Но эта самая твердь просто вывела меня из терпения. Мне захотелось обязательно узнать, что она означает. Я опять заговорил о ней, и Том старался растолковать мне, как мог. Когда человек произносит замечательную речь, сказал он, то в газетах пишут, что от криков народа содрогнулась небесная твердь. Он еще сказал, что они всегда так пишут, но никогда не разъясняют, что это такое. Вот он и думает, что это просто значит на открытом воздухе, и притом где-то в вышине. Согласитесь, что это довольно-таки разумное объяснение, и оно меня вполне удовлетворило. Так я ему и сказал. Том очень обрадовался и говорит:

— Ну вот и прекрасно, а кто старое помянет, тому глаз вон. Хоть я и сам как следует не знаю, что такое небесная твердь, но имей в виду: когда мы высадимся в Лондоне, она у нас содрогнется как миленькая.

Потом он сказал, что эрронавт — это человек, который летает на воздушных шарах, и еще сказал, что Том Сойер-Эрронавт звучит куда шикарнее, чем Том Сойер-Путешественник, и что мы обязательно прославимся на весь мир, если только все у нас пойдет хорошо, а он теперь ни гроша не даст за то, чтоб называться путешественником.

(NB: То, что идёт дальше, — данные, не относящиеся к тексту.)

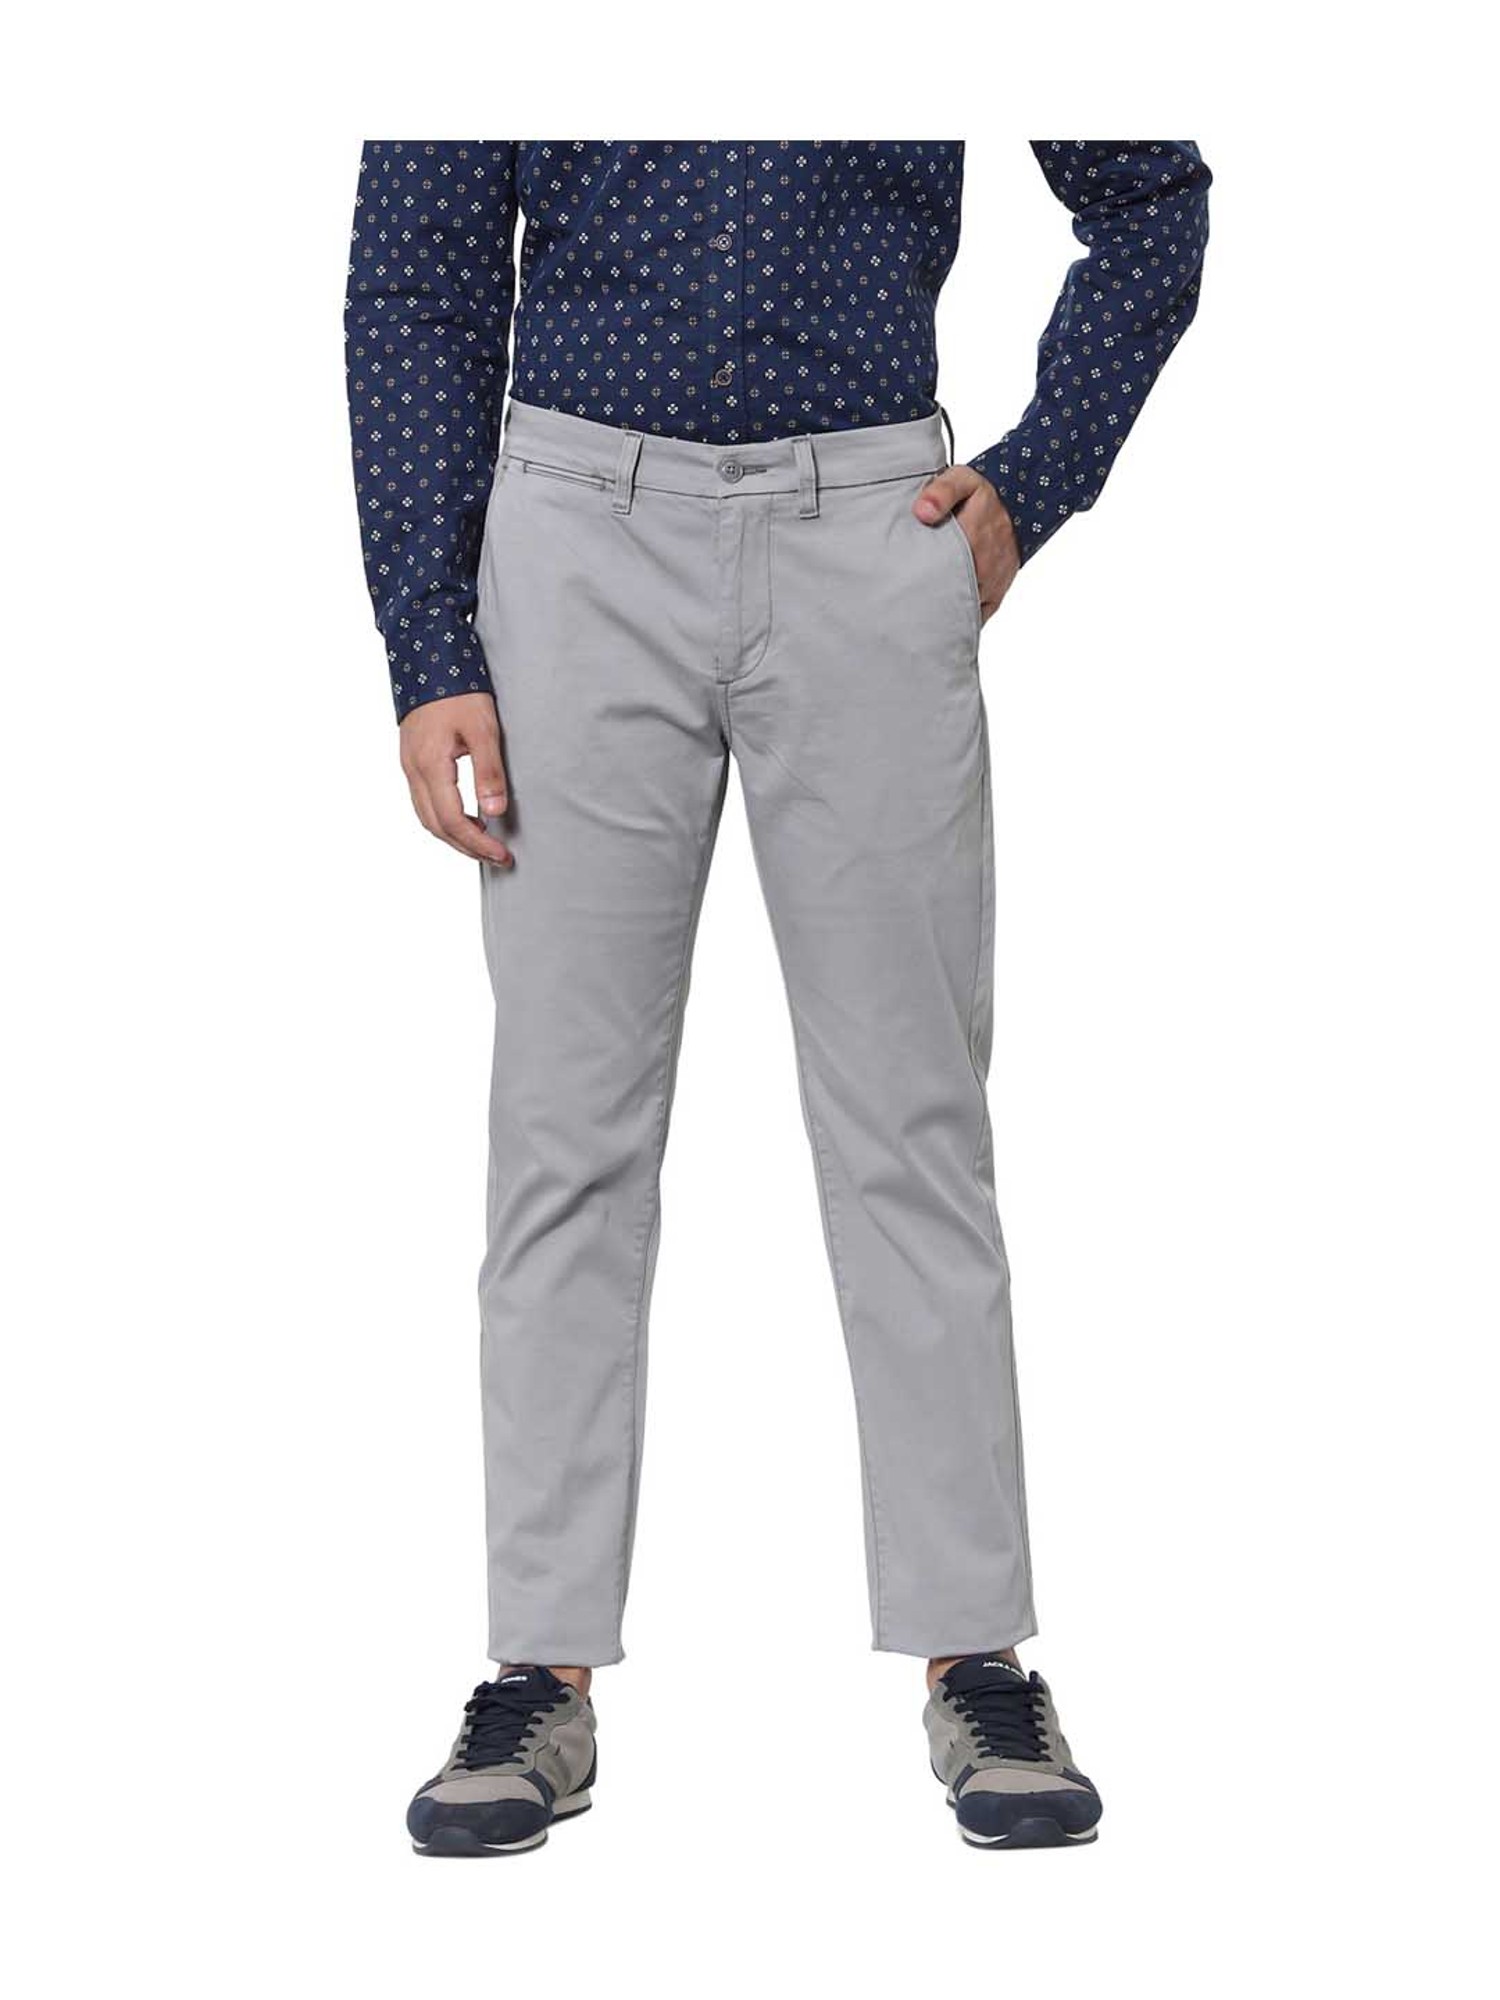 Jack  Jones Casual Trousers  Buy Jack  Jones Yellow Mid Rise Regular Fit  Pants 28 OnlineNykaa fashion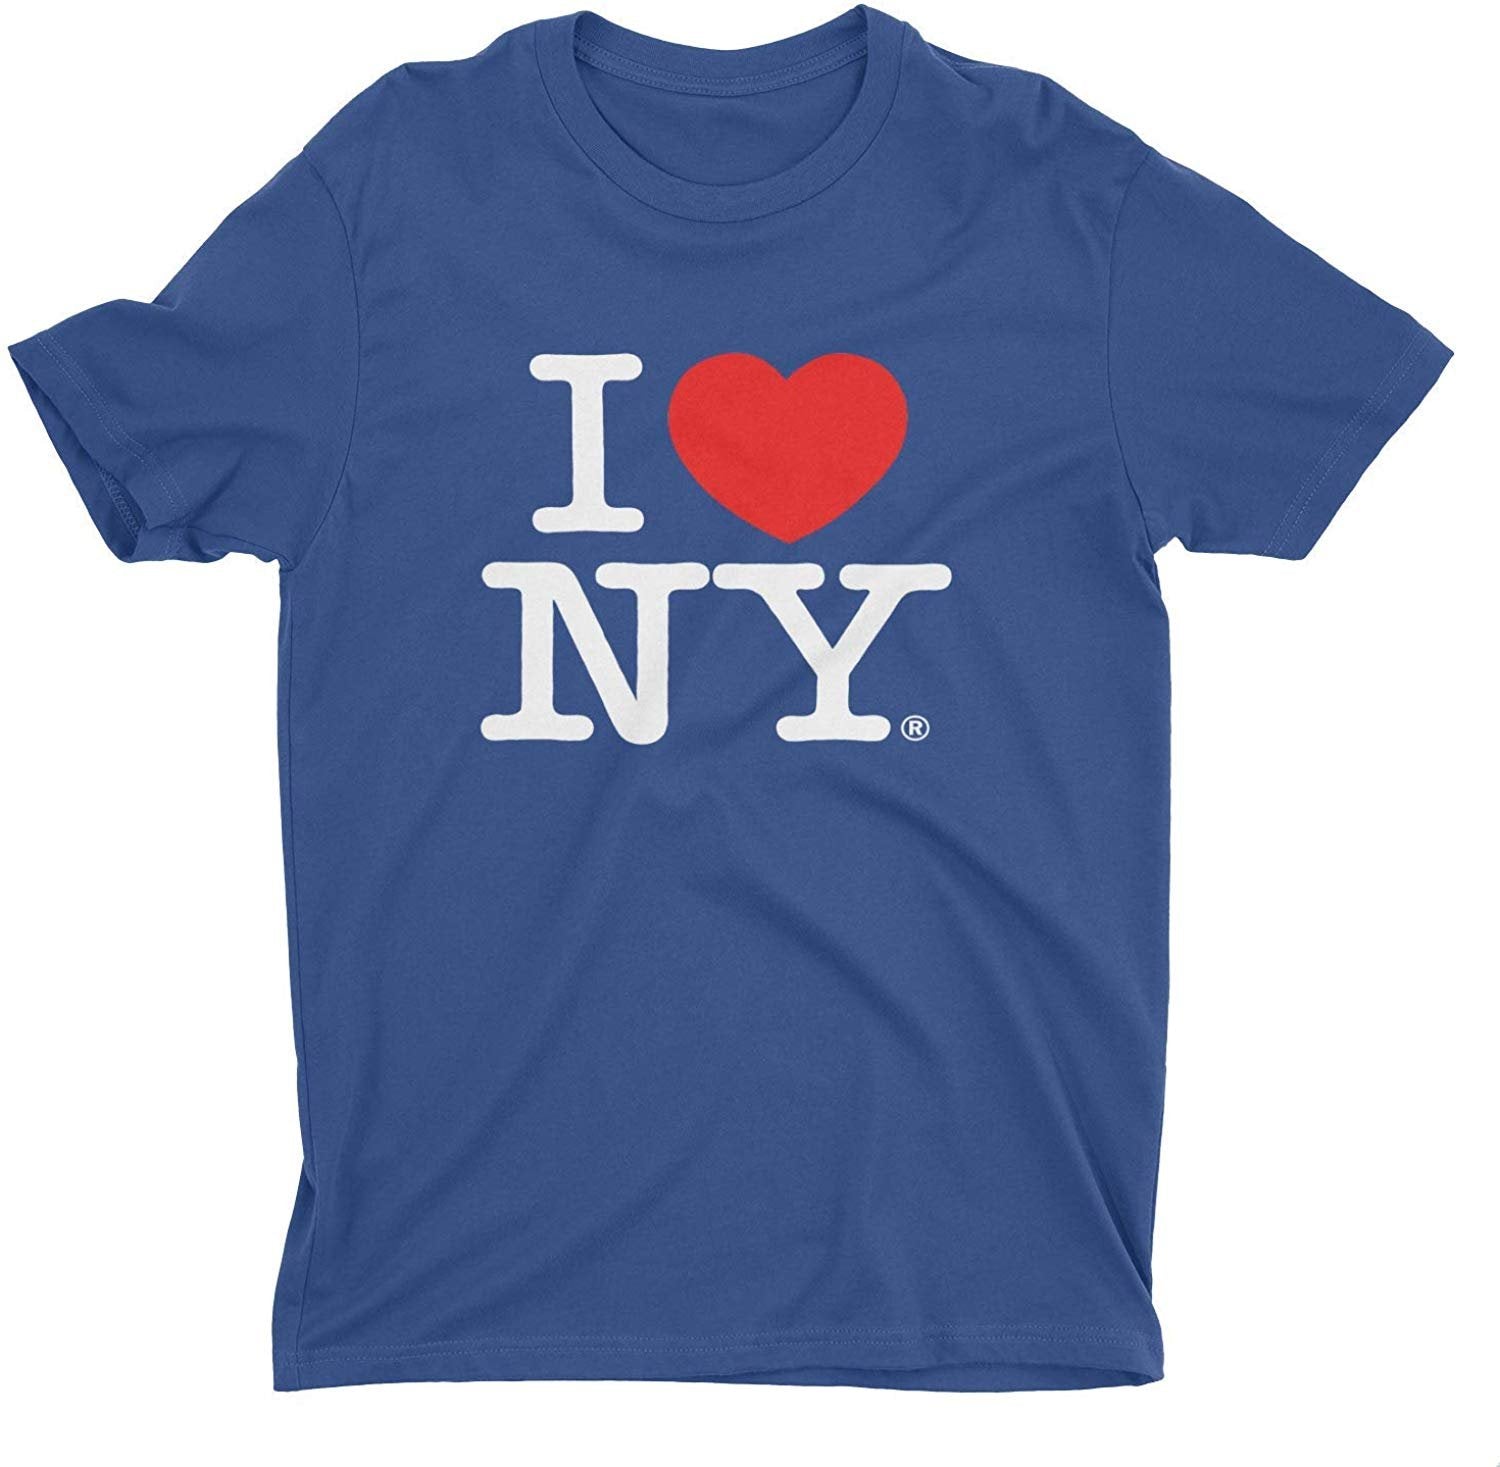 T-shirt Enfant I Love NY Bleu marine

В середине дня у нас все было готово для высадки. Чувствовали мы себя очень хорошо и здорово гордились, и все время наблюдали в подзорную трубу, — совсем как Колумб, когда он открывал Америку. Но, кроме океана, ничего не было видно. День клонился к вечеру, солнце село, а земля все еще не показывалась. Мы никак не могли взять в толк, в чем тут дело, но решили, что в конце концов она появится, и продолжали держать курс на восток, только поднялись повыше, чтобы в темноте не наткнуться на какую-нибудь колокольню или на гору.

Я нес вахту до полуночи, после меня заступил Джим, а Том все не ложился. Он сказал, что капитаны кораблей при приближении к земле всегда так поступают: они остаются на вахте все время.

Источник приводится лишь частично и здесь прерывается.